I belive you just maybe there was no good LTD's in my hands


----------



## Ishan (Jan 10, 2008)

You should try one of the EC-1000 or an Eclipse-II, they'll blow you away I assure you!


----------



## zimbloth (Jan 10, 2008)

Jason said:


> Yevetz your are very ignorant. Learn what your talking about before you form an opinion. You just confirmed to me you haven't a clue when you talk about quality of guitars especially when you flame Schecters.



I hate to say it, but I agree completely. Your credibility has been completely nullified by your statements in this thread. The higher end LTDs are incredible, as someone whose owned a ton of those and Ibanez, it's not even close. The LTDs win out 99% of the time. I've owned plenty of MIJ ESPs too, and the difference between the high end LTDs and the ESP standard series are about 5-10% at most. 

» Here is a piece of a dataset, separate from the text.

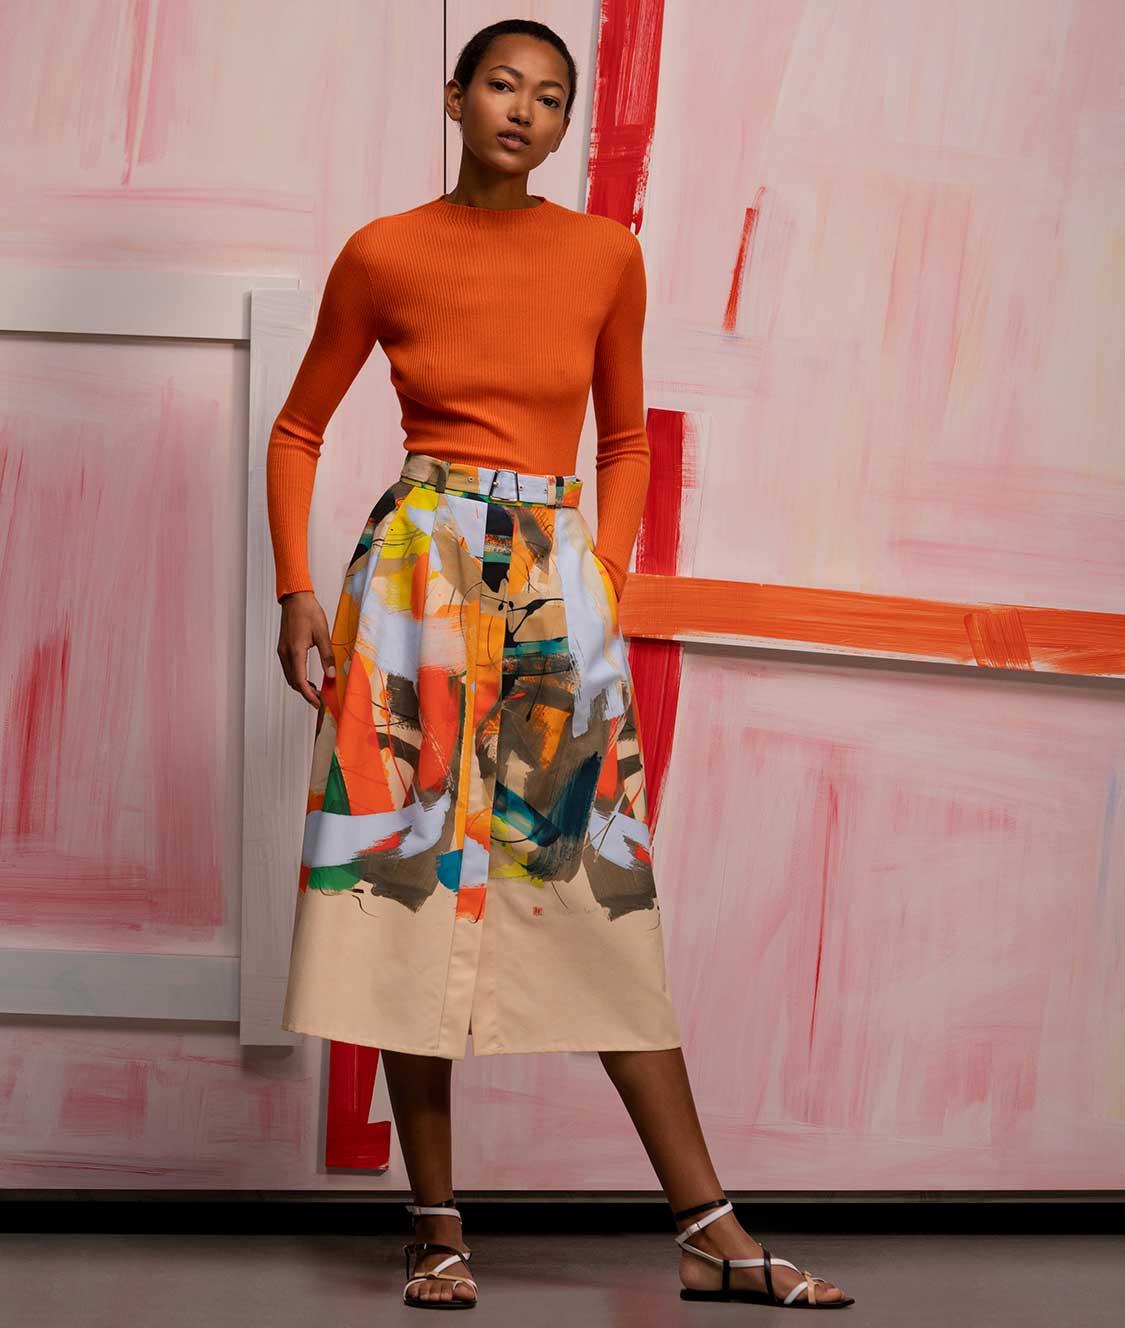 Orange Luxury top and printed Skirt under the knee

LTDs were pretty weak when they first came out, but around 2003-2004 they started to really get better. They continue to improve every year. The quality on those trumps Ibanez. It's painfully clear you've never played an LTD Michael Amott Sig, SC607B, EC-1000 VHB, etc. If you did, you'd know they are of much higher quality than basically any non-custom Ibanez at a fraction of the cost.



Ishan said:


> How is the neck profile on the SC-607B? Cause the SC-608B will certainly be reminicent of that so I want to know  Is it more like Ibby or Schecter?

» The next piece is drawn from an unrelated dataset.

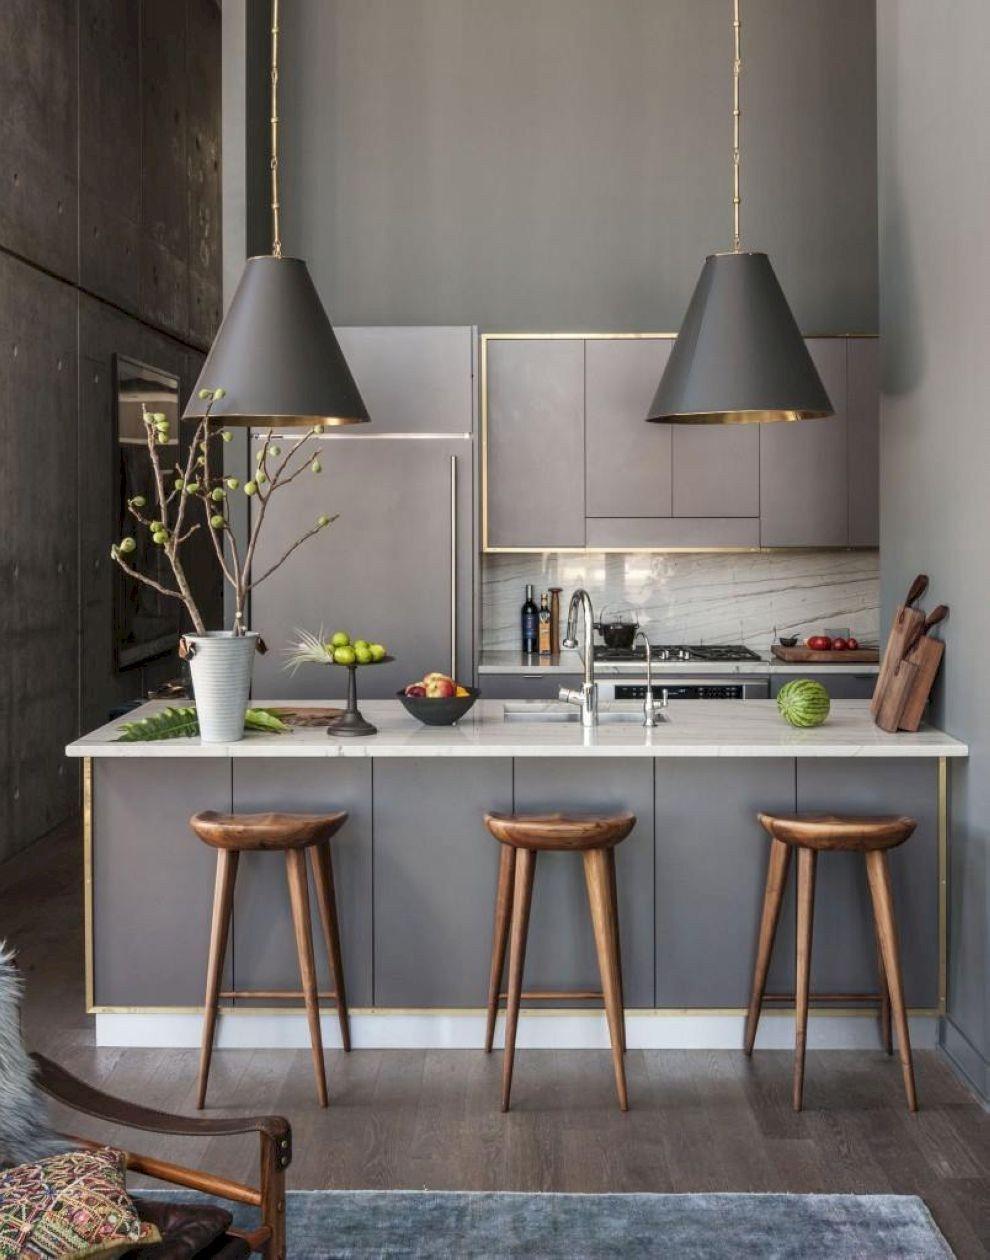 Extraordinary small kitchen design ideas 27 | Help me decorate my ...

The SC607B has a very thin/fast neck, noticeably slimmer than the SC607's. It played un-fucking-real. The lame middle pickup aside, the SC607B is still my favorite production model 7-string I ever owned. I still regret selling it for the SRC7 model which I felt wasn't nearly as nice despite being a legit ESP.


----------



## Stitch (Jan 10, 2008)

zimbloth said:


> I hate to say it, but I agree completely. Your credibility has been completely nullified by your statements in this thread. The higher end LTDs are incredible, as someone whose owned a ton of those and Ibanez, it's not even close. The LTDs win out 99% of the time. I've owned plenty of MIJ ESPs too, and the difference between the high end LTDs and the ESP standard series are about 5-10% at most.
> 
> LTDs were pretty weak when they first came out, but around 2003-2004 they started to really get better. They continue to improve every year. The quality on those trumps Ibanez. It's painfully clear you've never played an LTD Michael Amott Sig, SC607B, EC-1000 VHB, etc. If you did, you'd know they are of much higher quality than basically any non-custom Ibanez at a fraction of the cost.

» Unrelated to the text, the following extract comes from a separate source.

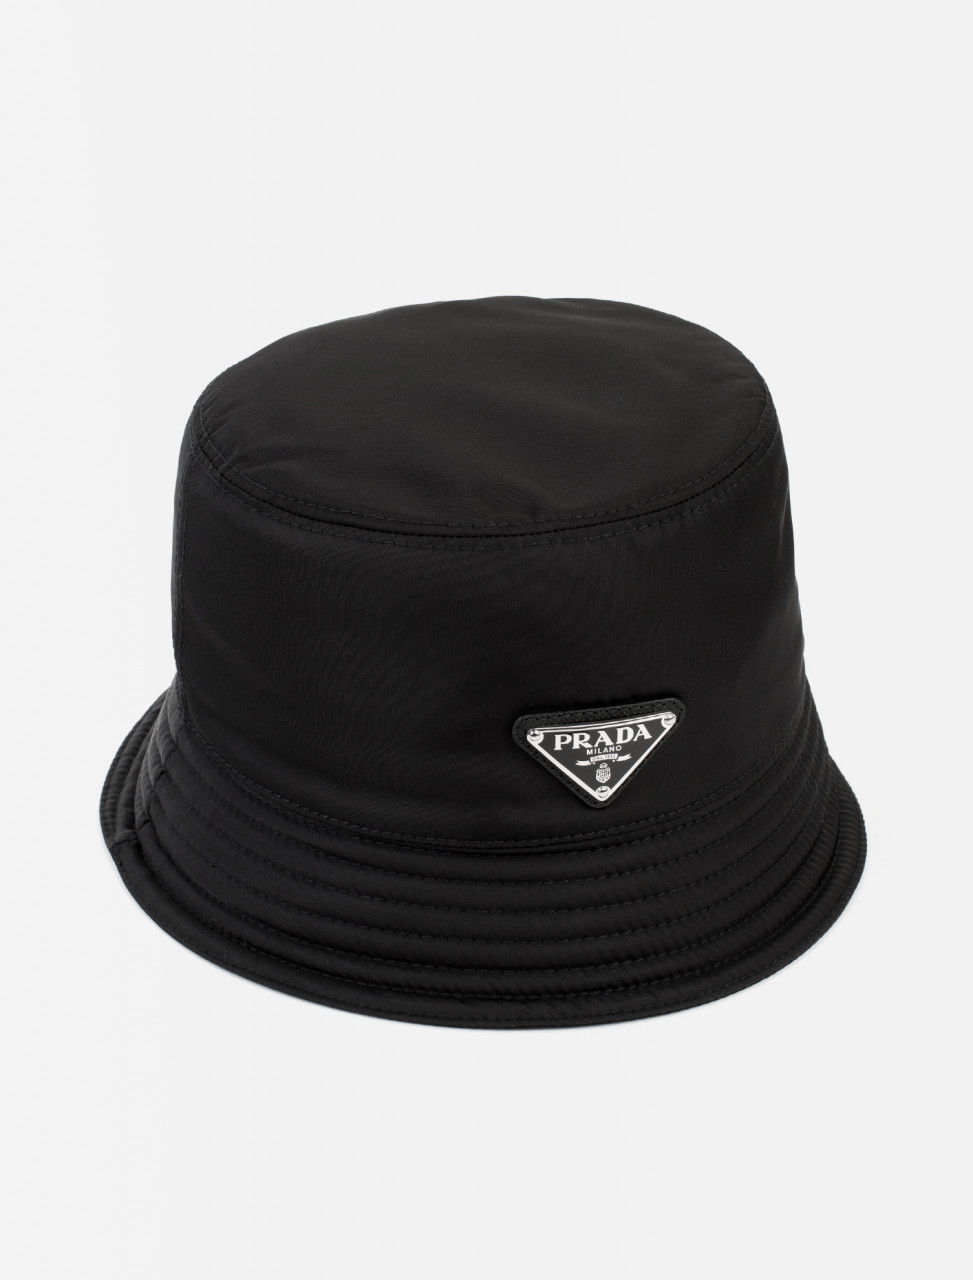 7597d07fc276 Prada Nylon Rain Hat | Voo Store Berlin | Worldwide Shipping

While I can agree that sometimes blind Ibanez fanboi-ism can take over a few of our hands, I have to say i totally disagree with what Max (ibznorange) was saying. I've played three (THREE) different EC-1000's, and _every single one_ has been uninspiring. Lifeless, dead sounding and overall impression that despite the _specs_ saying "great quality guitar" actually picking one up felt like it wasn't a very high quality guitar. Two were brand new (fresh out the box and set up) and another was one from stateside, so im not sure how old that was, but definitely doesn't fall into 2003 eras.

While it is entirely possible that these three were rubbish (and I've played some really nice LTD's) the fact that all three from different occasions felt cheap doesn't inspire me greatly for the line. The same goes for the KH-602 - I've played two of those, and both of those left me feeling exactly the same way. While LTD are a bit more than a 'budget' version of ESP - many being instruments in their own right - the line as a whole has disappointed me on many occasions, and even buying a stateside LTD EC-1000, after import and shipping that my friend paid for it, all of the Ibanez's we had on the wall for that price (£4-500 - the price paid for the LTD EC) owned it, hard.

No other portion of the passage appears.